The company claims that the onset of biodegradation can be precisely time-controlled, so plastics won't deteriorate before recycling can happen. CEO Dunne said it was looking to apply "terms consumers understand" to the new packaging, such as "recycle-by dates or where recycling isn’t an option dispose-by dates".

Production of the additive in form of a masterbatch was done at a factory in Clermont-Ferrand in 2020, but the company was in talks for a larger facility in India. The technology is expected to increase the cost of packaging by 10 to 15 percent.

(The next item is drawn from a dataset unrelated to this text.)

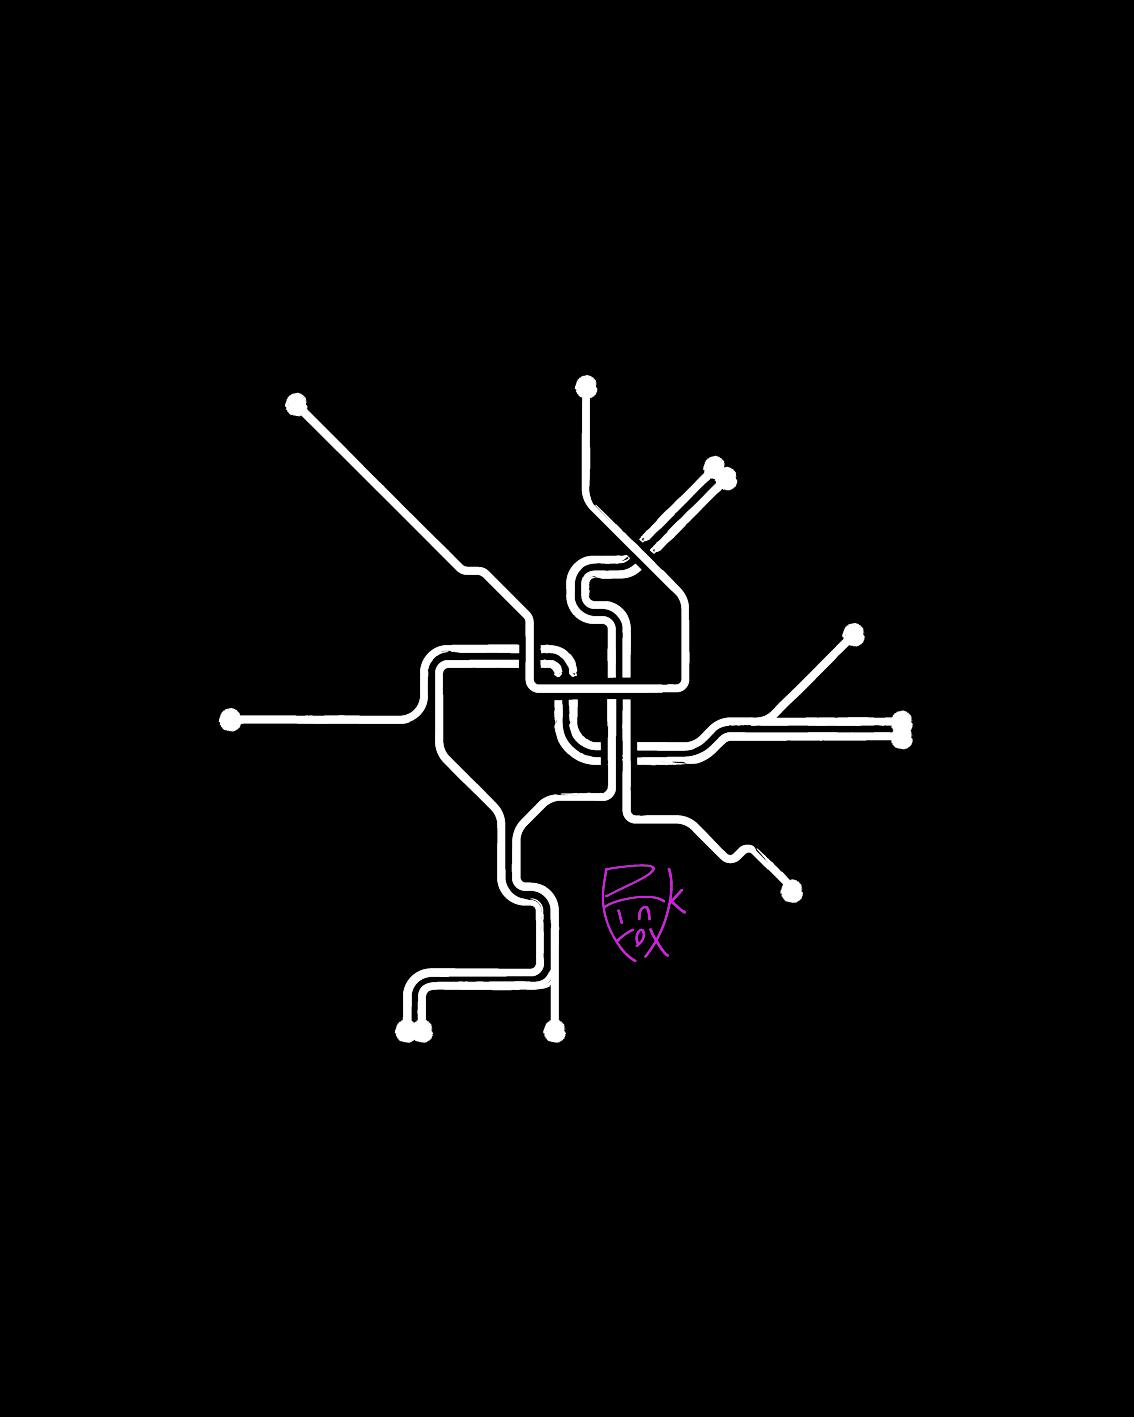 Apple Watch 38mm - Metro Black.jpg

A study of Polymateria's plastic biodegradation performance was published in Polymers in July 2021.

===BSI standard===
In 2020, a new British standard for biodegradability named PAS 9017 was adopted by the BSI Group. Polymateria had sponsored the standard, which was reviewed by the Waste & Resources Action Programme (WRAP), the Department for Environment, Food and Rural Affairs and the Department for Business, Energy and Industrial Strategy. Polymateria's product became the first to reach the new benchmark. Ecologist Dannielle Green of Anglia Ruskin University, who was involved in validating the standard, called it a "step in the right direction" and praised the "interdisciplinary collaborative approach" taken by the BSI.

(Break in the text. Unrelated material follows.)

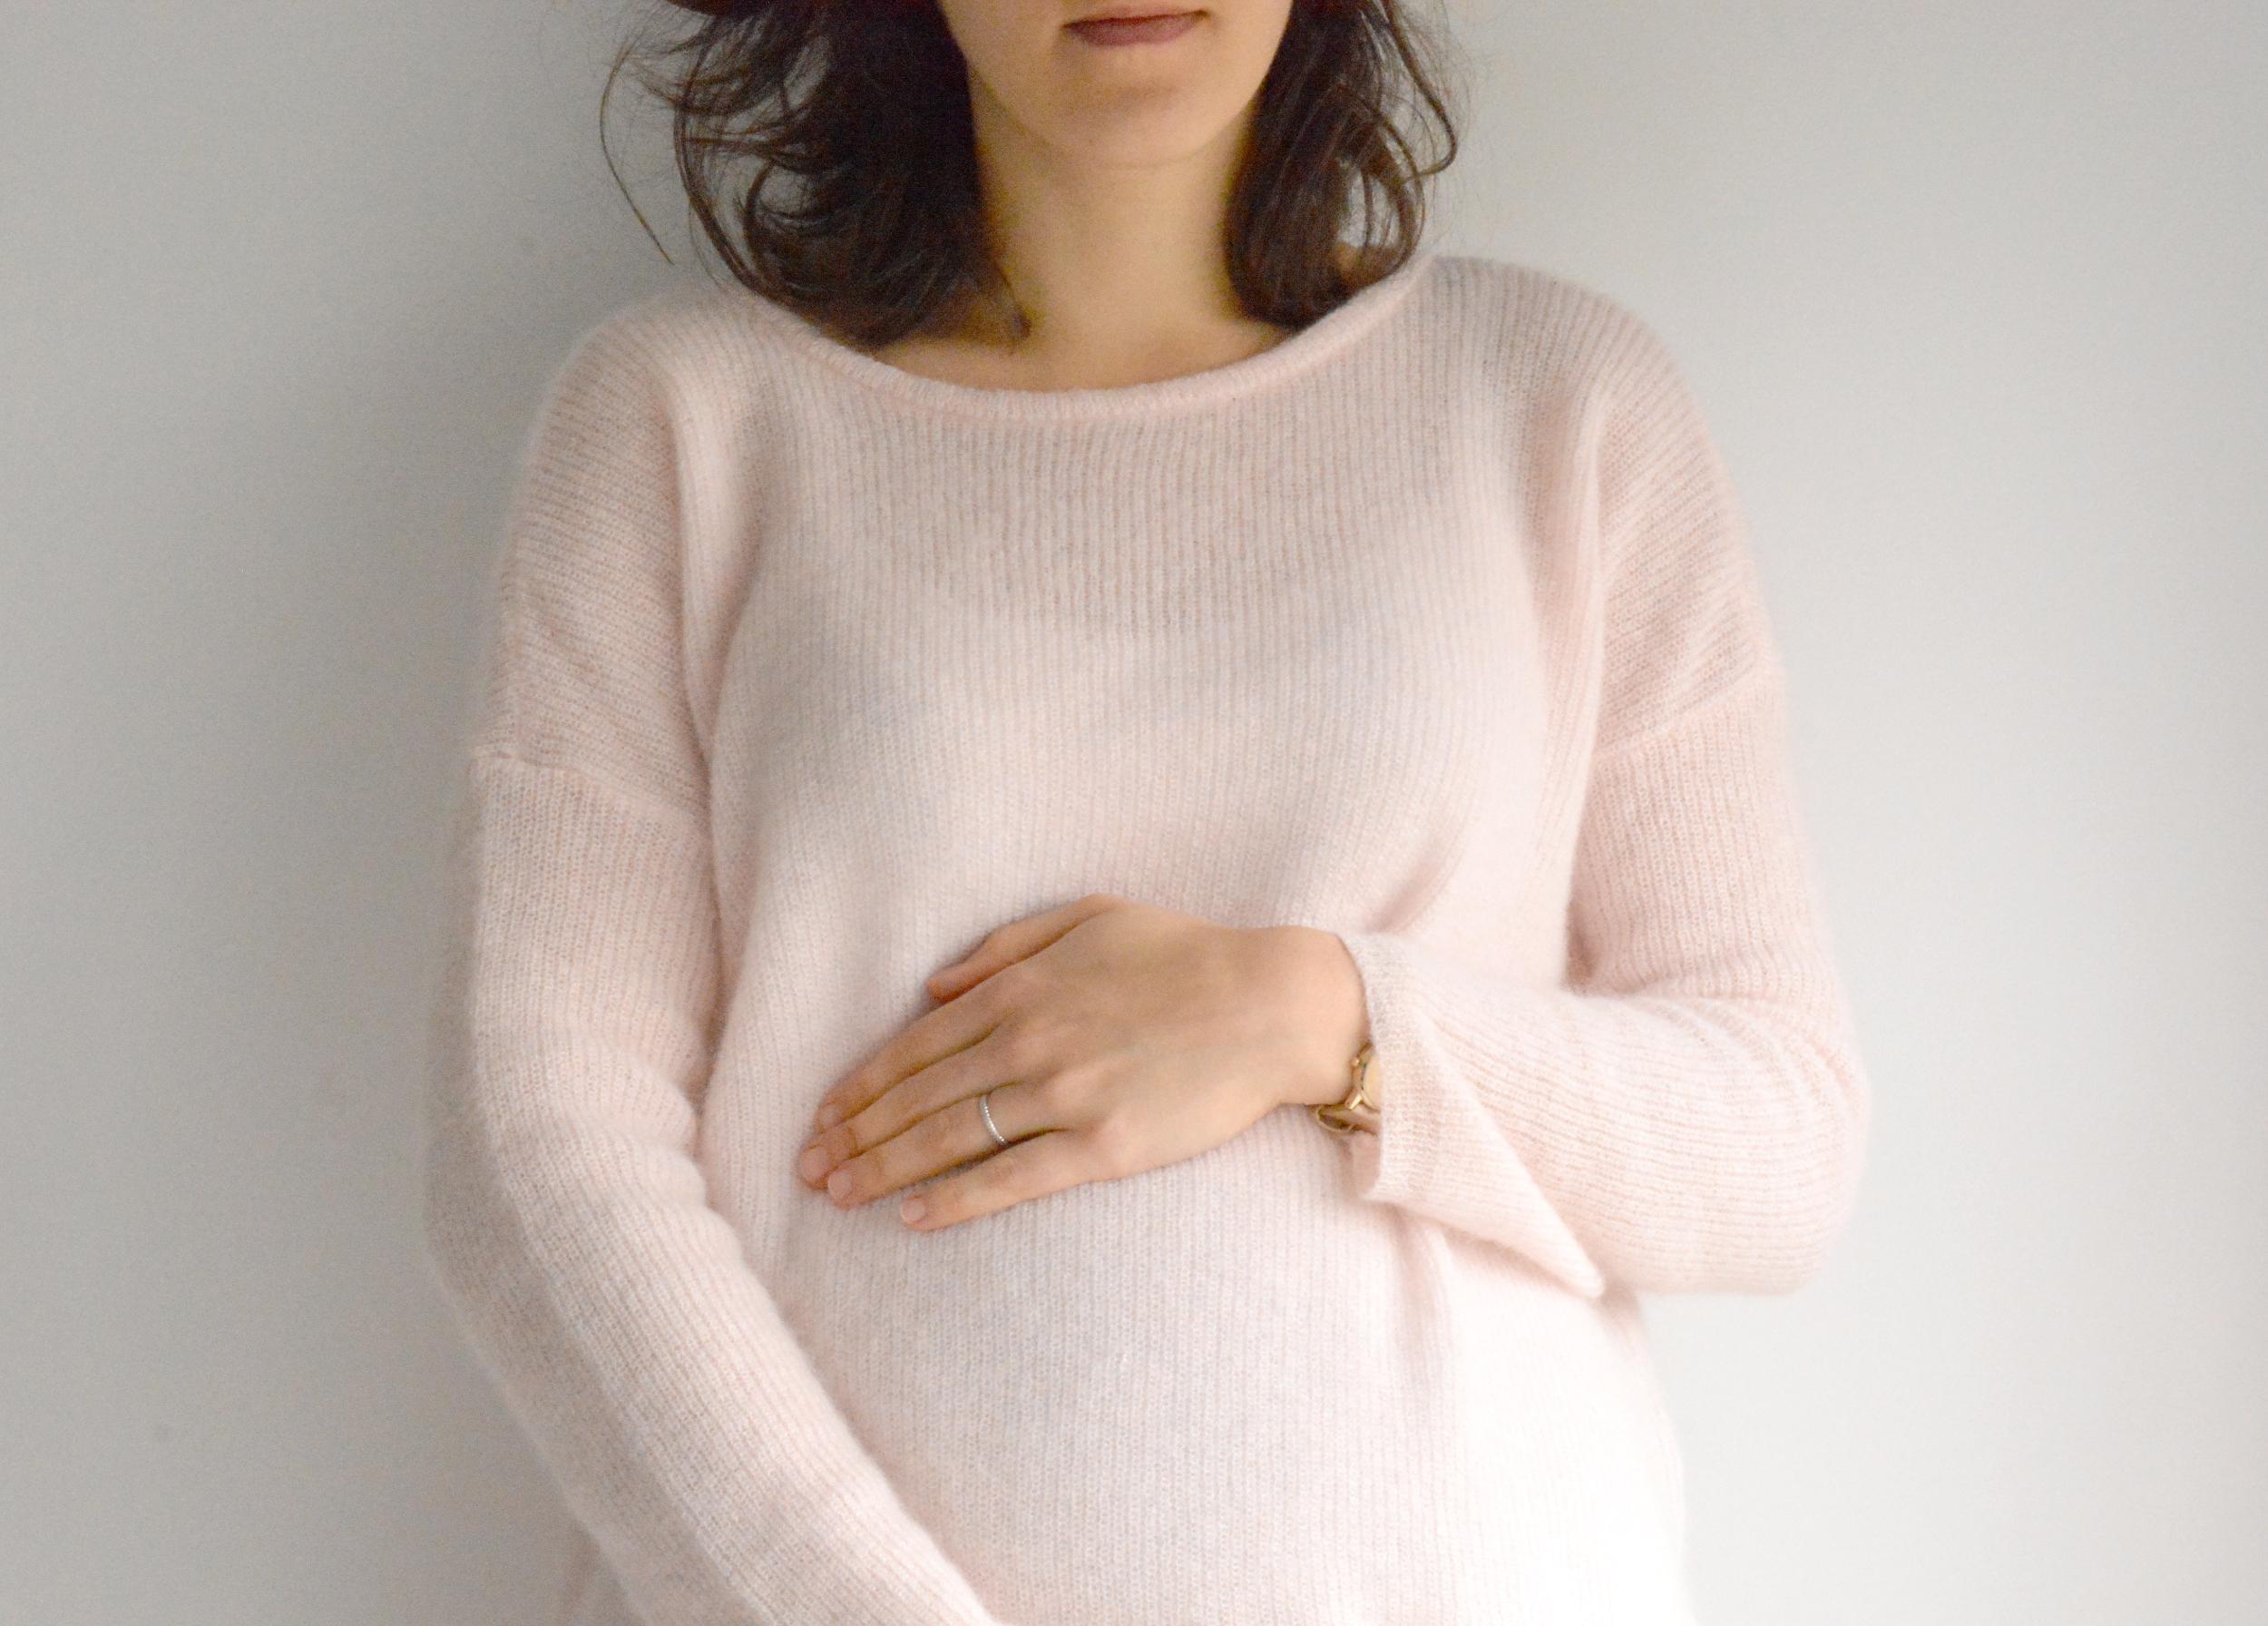 ce qu 39 il faut dire ou pas une femme enceinte. Black Bedroom Furniture Sets. Home Design Ideas

===Criticism and rebuttal===
The BSI standard was criticised on 22 October 2020 in an open letter by a group of 40 organizations, including Tesco, Aldi and the Environmental Services Association. The letter called upon the UK government to "follow the lead" of the European Union in banning oxo-degradable plastics, warning of the dangers of "microplastics [...] entering the food chain" and claiming that "degradable plastic alternatives will disrupt [Britain]'s recycling facilities". WRAP, a registered charity that was on the steering committee for the standard, responded to inquiries by declaring that its involvement should not be mistaken as an endorsement of the standard. However, WRAP maintained that littering was a "real issue" and that it would continue to encourage "developments in plastics technologies which have no negative impact on the ability for plastic to be effectively recycled and have no negative impacts to the natural environment". After a "small but significant anomaly" was found in the BSI consultation process, WRAP said in December 2020 that the committee was due to meet in January the next year to discuss details of the testing process for microplastics.
However, Polymateria's Biotransformation technology does not involve the oxo-degradable plastics criticized by the open letter, (Note: The FAQ for the BSI standard explicitly states that it does not deal with oxo-degradeable plastics. Polymateria's CEO Dunne has also lauded the EU ban on oxo-degradable plastics.) which are often confused with biodegradable plastics. It also does not produce microplastics (as required by the PAS 9017 standard), and the company insists its chemical additive has "no adverse impact on recycling streams".

Environmental organizations that have criticized the BSI standard have included the WWF and Keep Britain Tidy, which voiced concerns that degradable plastics would increase littering.
Polymateria CEO Dunne countered by declaring that the main problem were exports to non-EU countries where the plastic waste was "not being recycled and is winding up in unmanaged waste systems." The BSI has responded by calling littering "illegal" and a "complex behavioural issue", voicing doubts that any standard would be able to "control how a member of the public acts". The "recycle-by" date stamped on Polymateria's plastics is also meant to encourage consumers to recycle the product, instead of throwing it away.